ENTERPRISE — A new federal lawsuit to bypass state-required regulations on collecting signatures for a ballot measure was filed Wednesday, July 22, by Move Oregon’s Border for a Greater Idaho after an earlier suit was denied by a federal judge.
U.S. District Judge Michael J. McShane ruled Monday, July 20, that MOB had not demonstrated “reasonable diligence” in attempting to collect signatures amid the limitations due to the coronavirus pandemic, according to a report by the Oregonian.
MOB leader Mike McCarter said Thursday, July 23, he refiled the suit with more substantial evidence documenting the group’s efforts. He said he submitted the numbers of signatures gathered in all 17 counties listed in the earlier suit, as well as the numerous signature-collection stations throughout those counties.
The counties are those in Eastern and Southern Oregon where many voters feel ignored by the urban-dominated northwest section of the state and the government in Salem, McCarter said. He and his supporters see Idaho as a more favorable climate for politics, a conservative way of thinking, taxes and the cost of living.
He said that in Wallowa County, where only 242 signatures are needed, about 138% have been collected. He plans to submit them to county Clerk Sandy Lathrop sometime this week. He said his group will continue to collect signatures right up to the Aug. 5 deadline for inclusion on the November ballot.

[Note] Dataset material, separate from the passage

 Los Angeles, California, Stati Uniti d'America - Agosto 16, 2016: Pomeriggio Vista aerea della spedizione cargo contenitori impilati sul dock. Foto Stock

The individual county ballot measures — if approved — would require each county’s commissioners to meet quarterly and consider their county’s interests in becoming a part of Idaho. Moving the border would require approval of both state legislatures, as well as by Congress.
But, McCarter still maintains, the unusual circumstances of the COVID-19 pandemic hinder efforts to collect signatures.

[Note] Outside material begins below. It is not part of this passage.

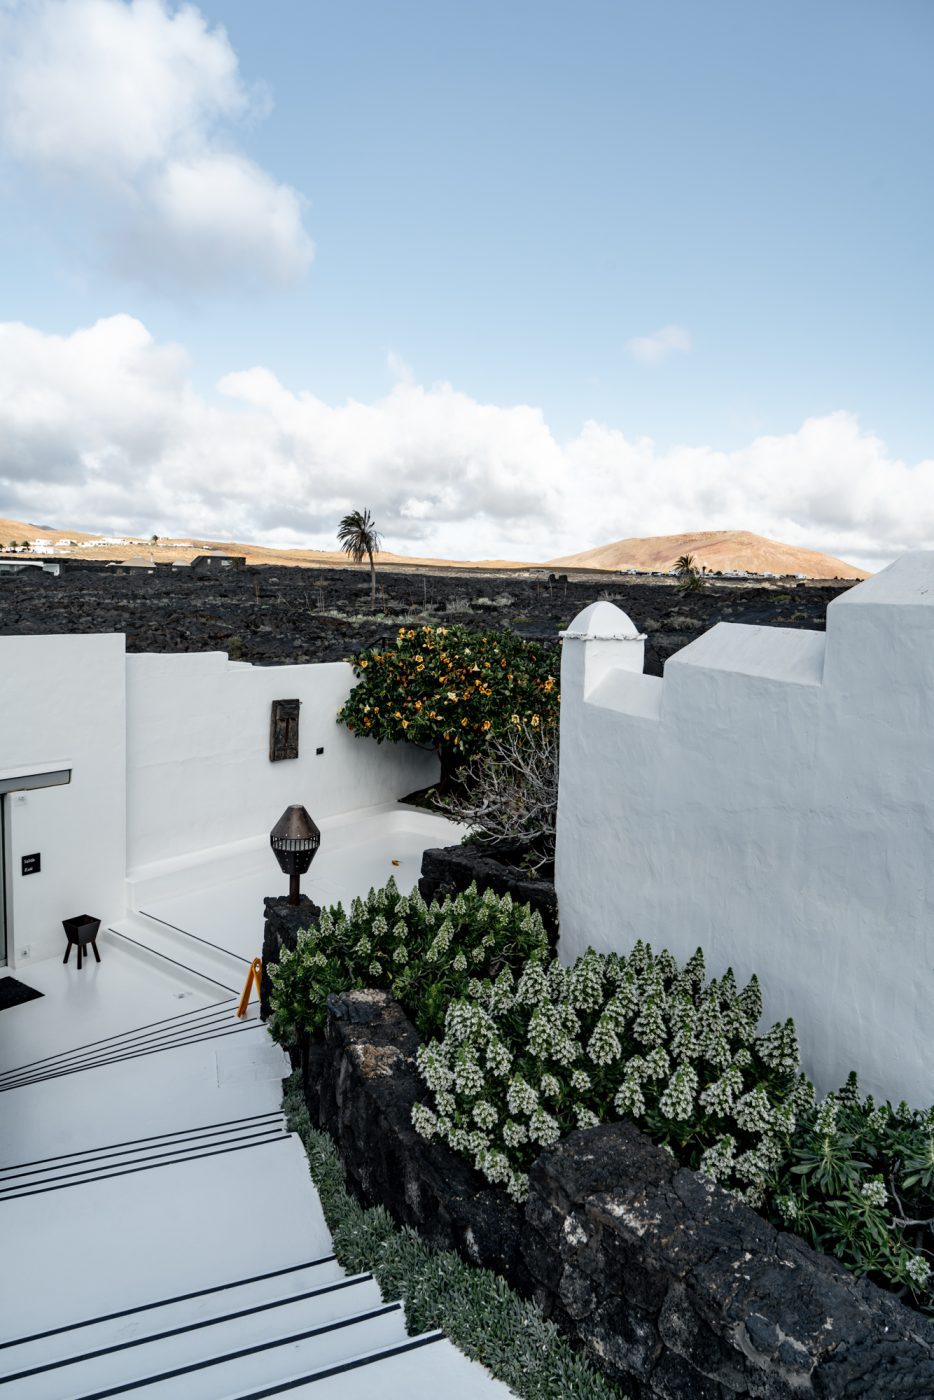 Fundacion Cesar Manrique, one of the top Cesar Manrique attractions in Lanzarote

“It’s just tough to get people,” he said. “You can’t stand in front of a store because if you attract too much attention you get asked to leave.”
McCarter said he didn’t total all the signatures since the effort is done on a county-by-county basis.

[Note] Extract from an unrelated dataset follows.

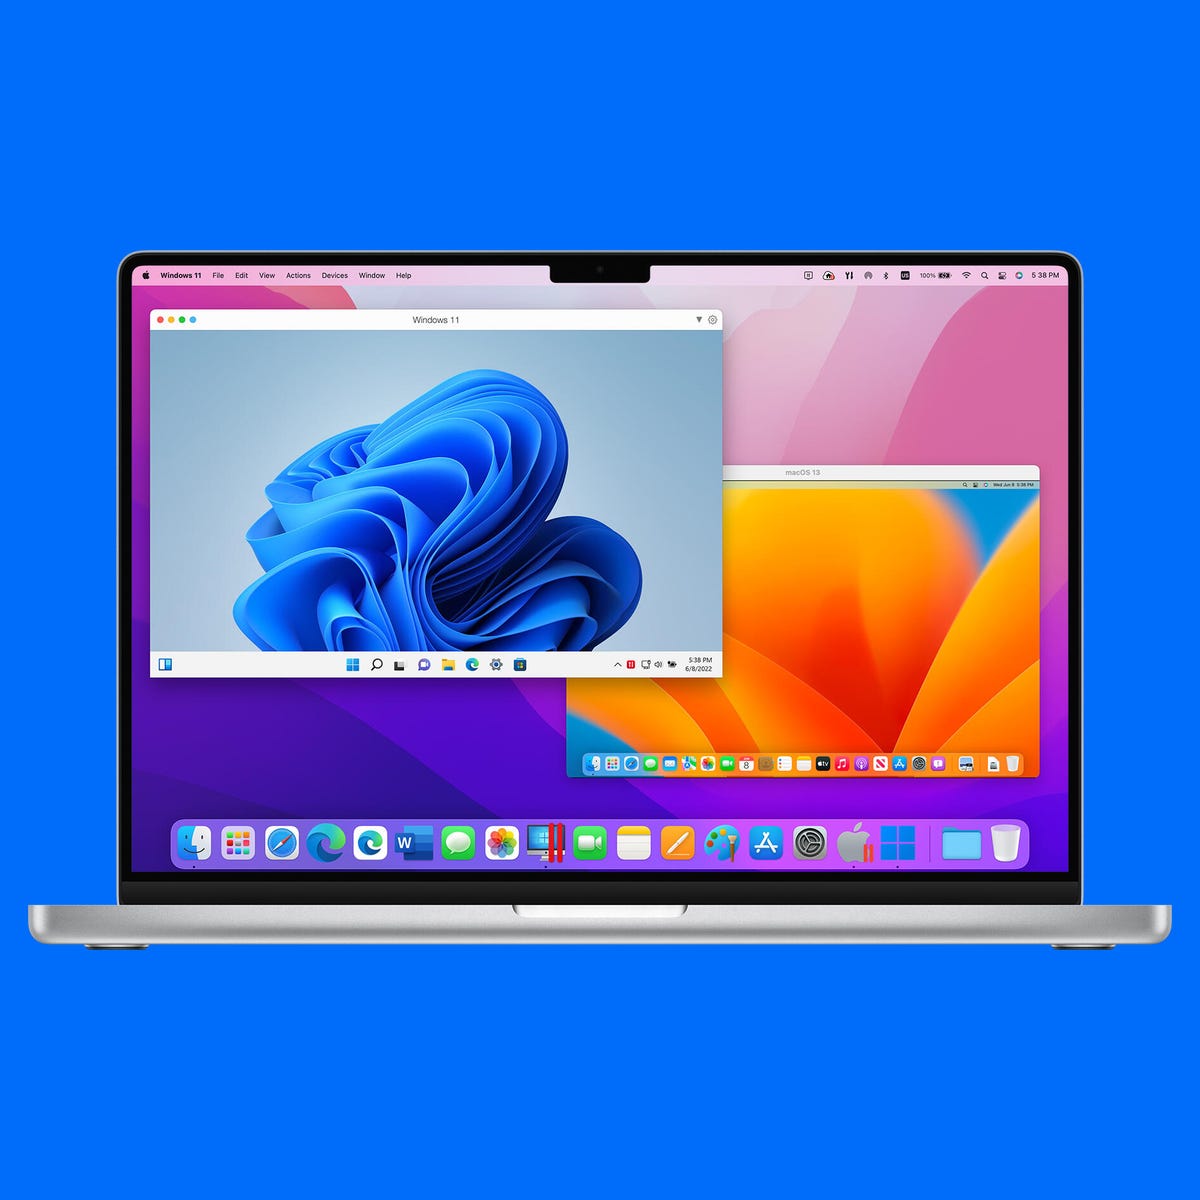 Portræt slids retort Playing PC Games on Mac Should Get Better With Parallels Desktop 18 - CNET

“We may have 3,000, 4,000, 5,000 signatures in but that doesn’t matter because we’re doing it county by county,” he said.
He said Wallowa County has the highest percentage of signatures gathered. Jefferson County is next with about 98%. Several are in the 50% range, he said.
McCarter said that while he won’t give up if the measures don’t make it onto the November ballot, he considers getting it on this year’s ballot urgent because it’s a presidential election year where turnout is always much higher than in off-year elections.
“We’re going to keep on digging no matter what,” he said.